> Task instructions
Write the listing below out again in full, dropping its pictures.

::::

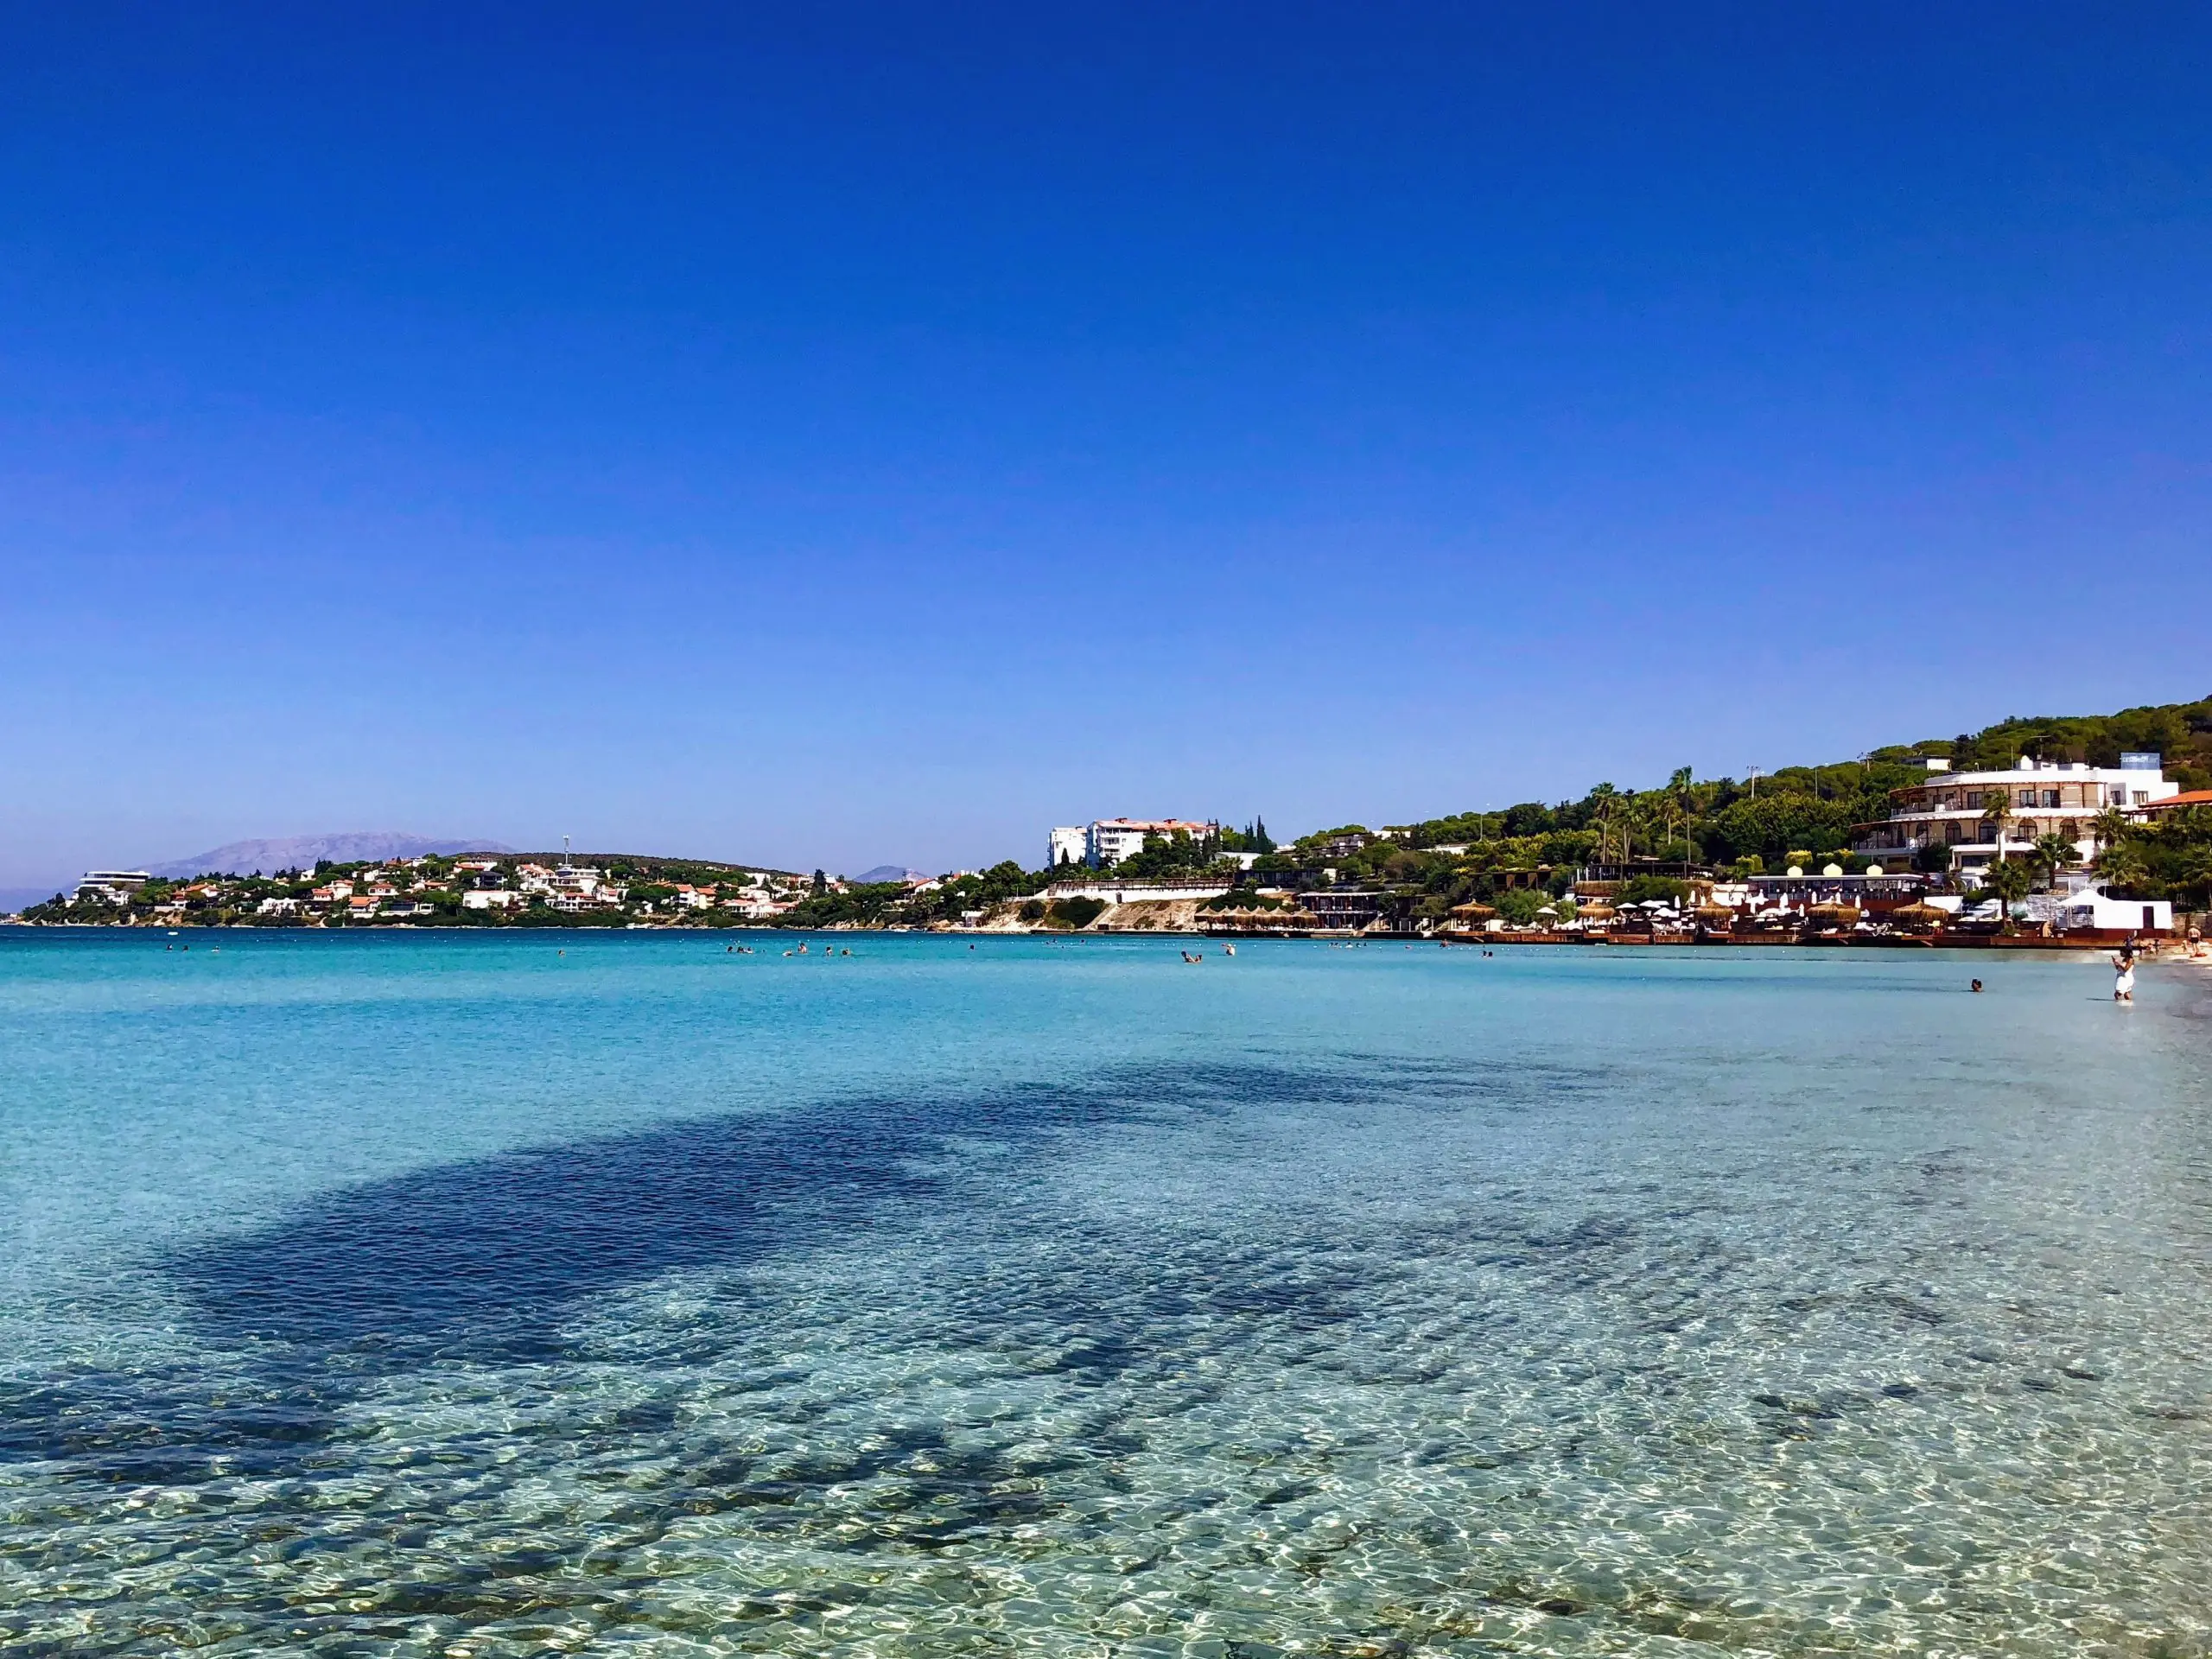 İzmir Pırlanta Ücretsiz Halk Plajı Nerede? 5 Yıldızlı Pırlanta Halk Plajında Bedava Sunulan Hizmetler1
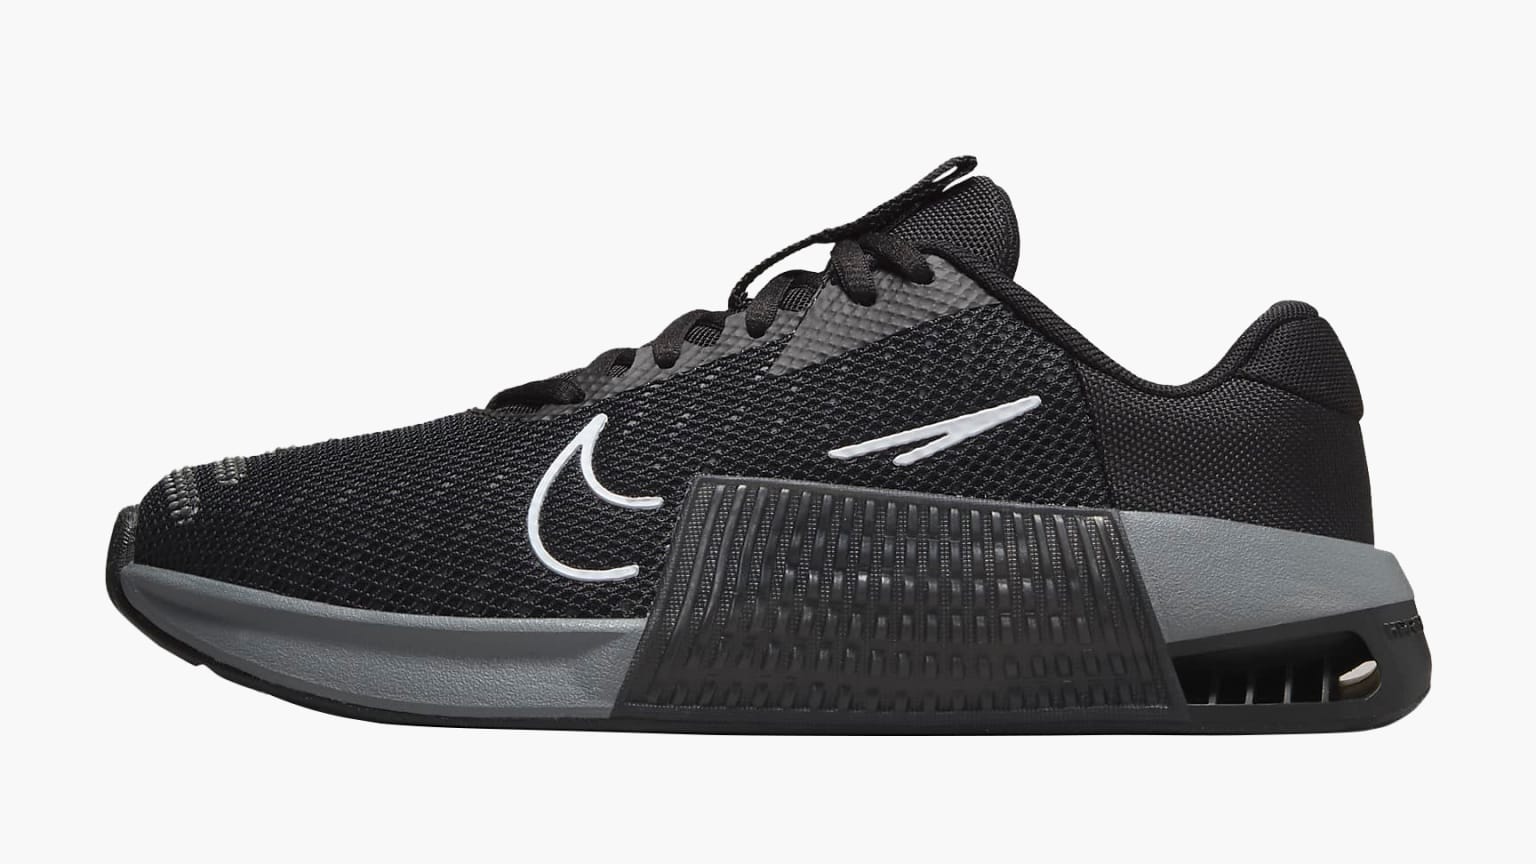 Nike Metcon 9 negro zapatillas cross training hombre
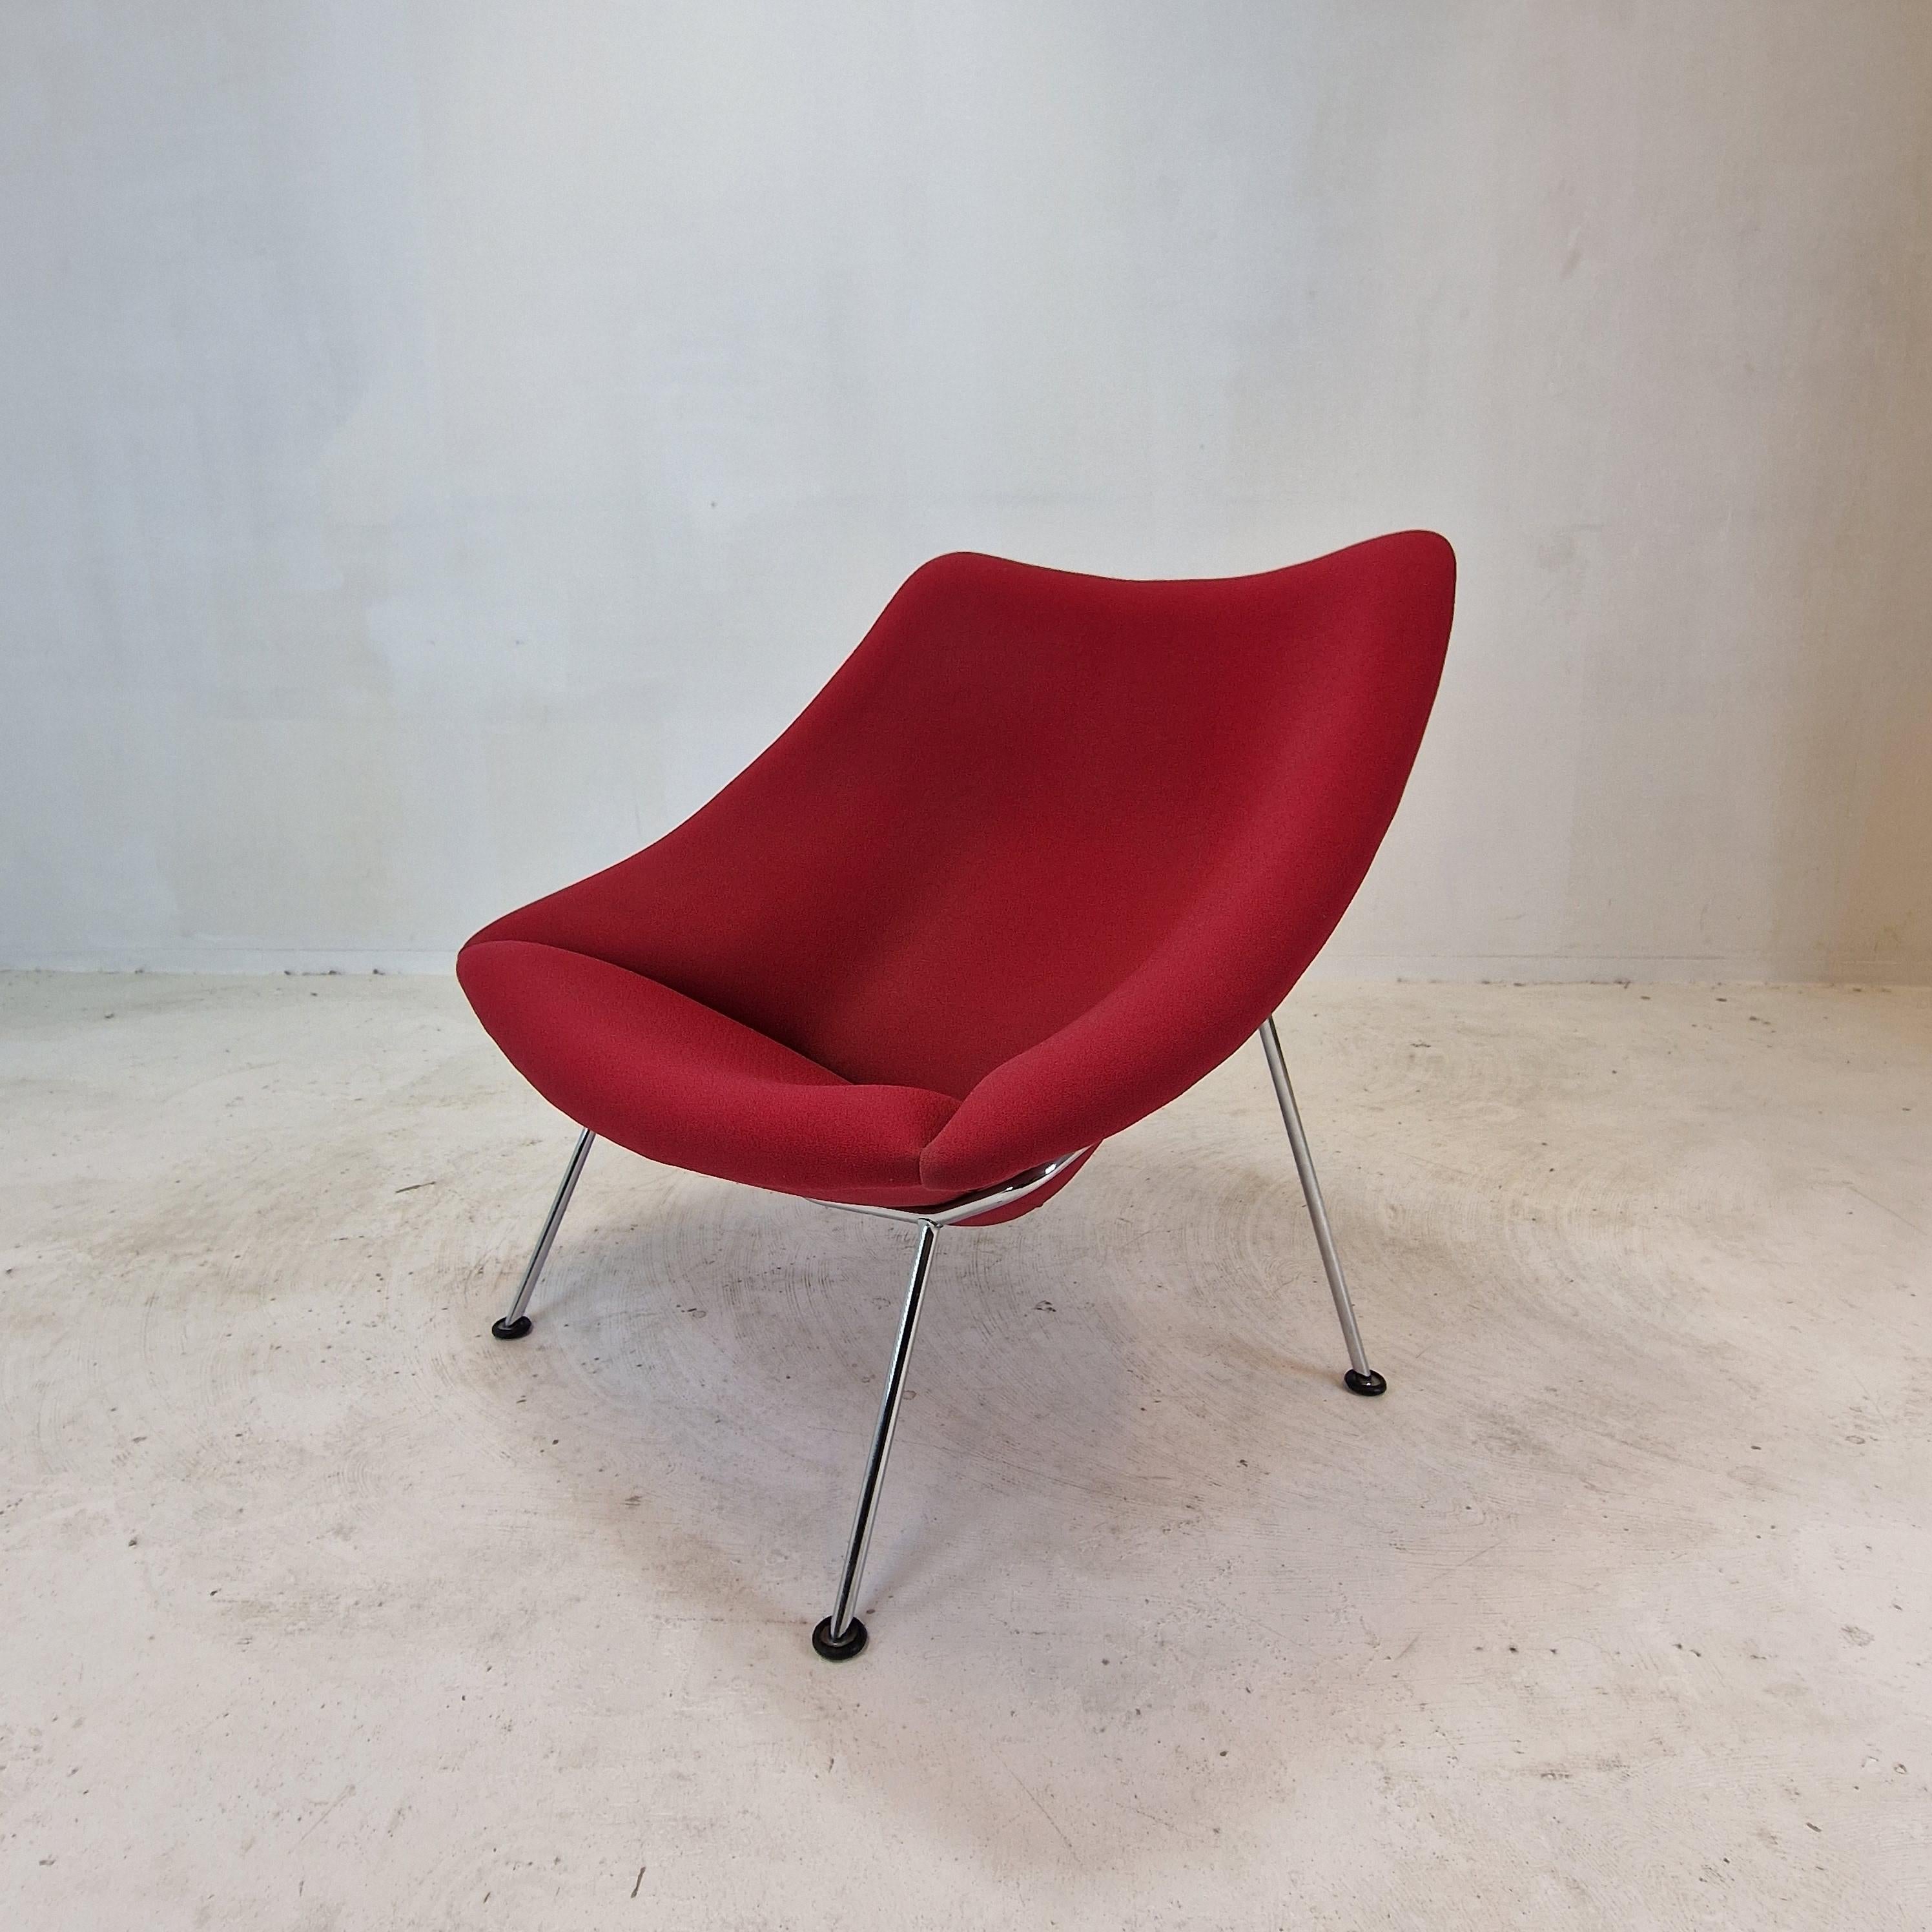 La célèbre et très confortable chaise Artifort Oyster de Pierre Paulin. 

Conçue au début des années 60, cette chaise particulière est fabriquée dans les années 80. 
Les pieds sont en métal chromé.

Cette belle chaise a le tissu en laine d'origine,

::::

> Exercise output
 İzmir Pırlanta Ücretsiz Halk Plajı Nerede? 5 Yıldızlı Pırlanta Halk Plajında Bedava Sunulan Hizmetler1
 Nike Metcon 9 negro zapatillas cross training hombre
 La célèbre et très confortable chaise Artifort Oyster de Pierre Paulin. 

Conçue au début des années 60, cette chaise particulière est fabriquée dans les années 80. 
Les pieds sont en métal chromé.

Cette belle chaise a le tissu en laine d'origine,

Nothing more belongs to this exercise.